Los estudiosos del México antiguo, el área cultural que denominamos Mesoamérica, tenemos una profunda deuda con Barlow. Su breve pero intensa carrera en la década de 1940 ha dejado una gran huella en nuestro quehacer y algunas de sus propuestas siguen estando en vigor setenta años después. Sus estudios pioneros han marcado caminos a recorrer y establecido pautas de análisis que llevan siendo útiles desde su propuesta inicial.

Antes de referirnos a las aportaciones principales, es necesario destacar la prolijidad de nuestro autor: más de 300 trabajos publicados, en tiempos donde la escritura era mucho más lenta que ahora y las labores de edición se eternizaban en la corrección de pruebas, ferros y demás prácticas que la informática ha desterrado. Además, muchos textos quedaron inéditos en carpetas y cuadernos, muchos de ellos conservados, de manera que la edición de sus Obras Completas realizada por la Universidad de las Américas de Puebla (México) y el Instituto Nacional de Antropología e Historia abarca siete volúmenes y fueron publicados a lo largo de doce años. En ellos, la presencia del estudio de diversos documentos es permanente, pero la formulación de conclusiones derivadas de los mismos también es recurrente. Un compendio de la metodología de la investigación: hallazgo y estudio de los documentos, formulación de hipótesis, trabajo analítico, redacción de conclusiones que suelen ser también propuestas. El trabajo nunca termina.

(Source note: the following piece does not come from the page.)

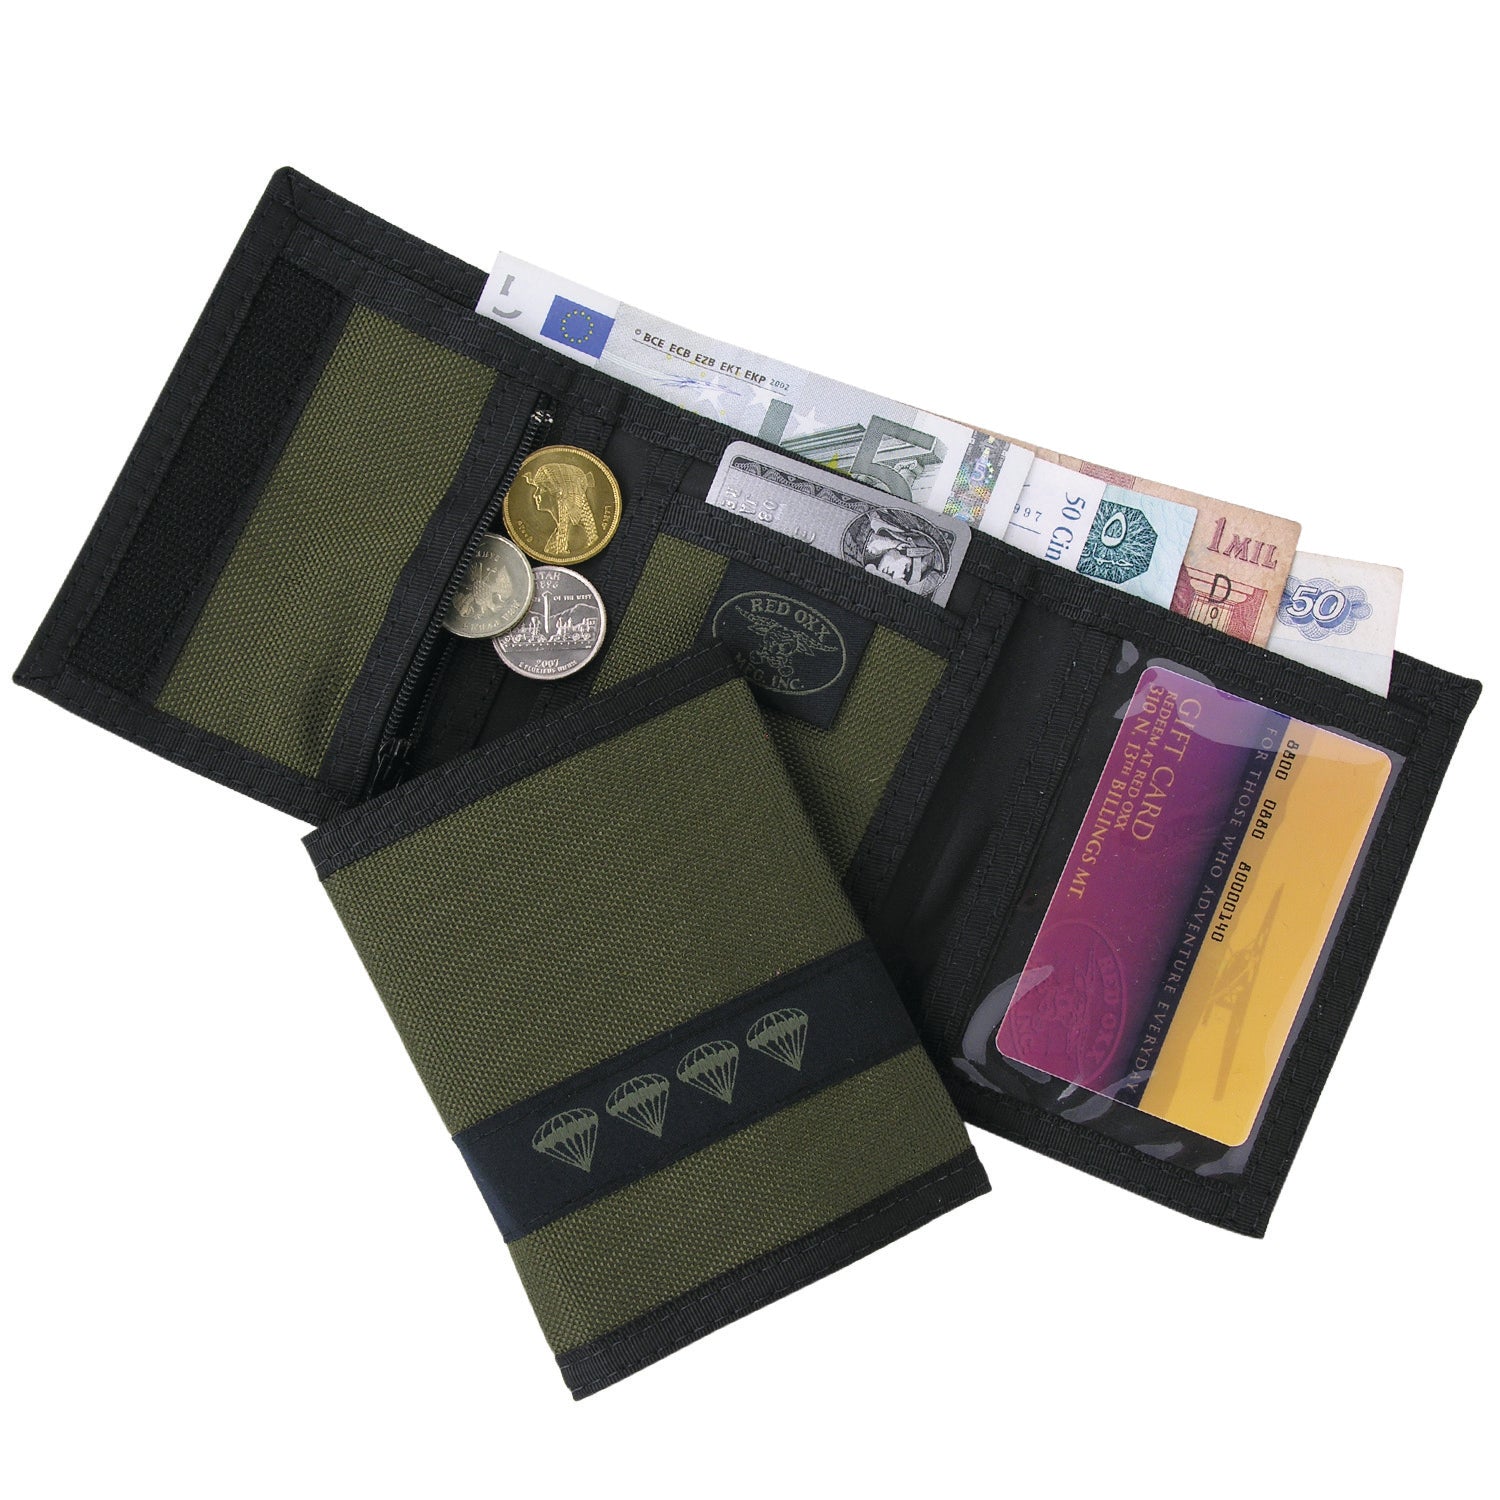 Wallet is sized to fit all bills and coins.

Quizás la obra más citada de Barlow es The extent of the Empire of the Culhua-Mexica, de 1950, que no fue traducido al castellano hasta 1990. Es un libro breve en su versión final, pero contiene una enorme cantidad de trabajo. Aunque lo hemos malinterpretado durante mucho tiempo, diciendo que era la visión del imperio que Barlow tenía, en realidad él lo veía como un paso previo y necesario para abordar la organización del mismo, y así lo manifestó en la introducción. La culpa del error es nuestra, no suya. Él hizo lo que el título refleja: anotar los pueblos que pagaban tributo al Imperio Mexica según la Matrícula de Tributos y el Códice Mendoza y localizarlos en un mapa de México, trazando después las fronteras entre las provincias que se desprendían de las páginas de los documentos. Como complemento localizó los pueblos que aparecían en otras fuentes y trató de explicar el porqué de su no presencia en los documentos tributarios, formando, por ejemplo, un “camino al Xoconusco”. Esta visión ha permanecido casi inalterada hasta 1996, fecha en que se publicó un estudio sobre el Imperio Mexica que modificaba algunas de las asunciones de Barlow y daba lugar a un nuevo mapa, o mejor dicho, una serie de mapas. Otra corrección o ampliación, según se mire, tuvo lugar el mismo año 1996 con la publicación del libro de Pedro Carrasco El Imperio de la Triple Alianza: Tenochtitlan, Texcoco y Tlacopan, donde la principal diferencia es la presencia de tres imperios y no uno, como el título indica.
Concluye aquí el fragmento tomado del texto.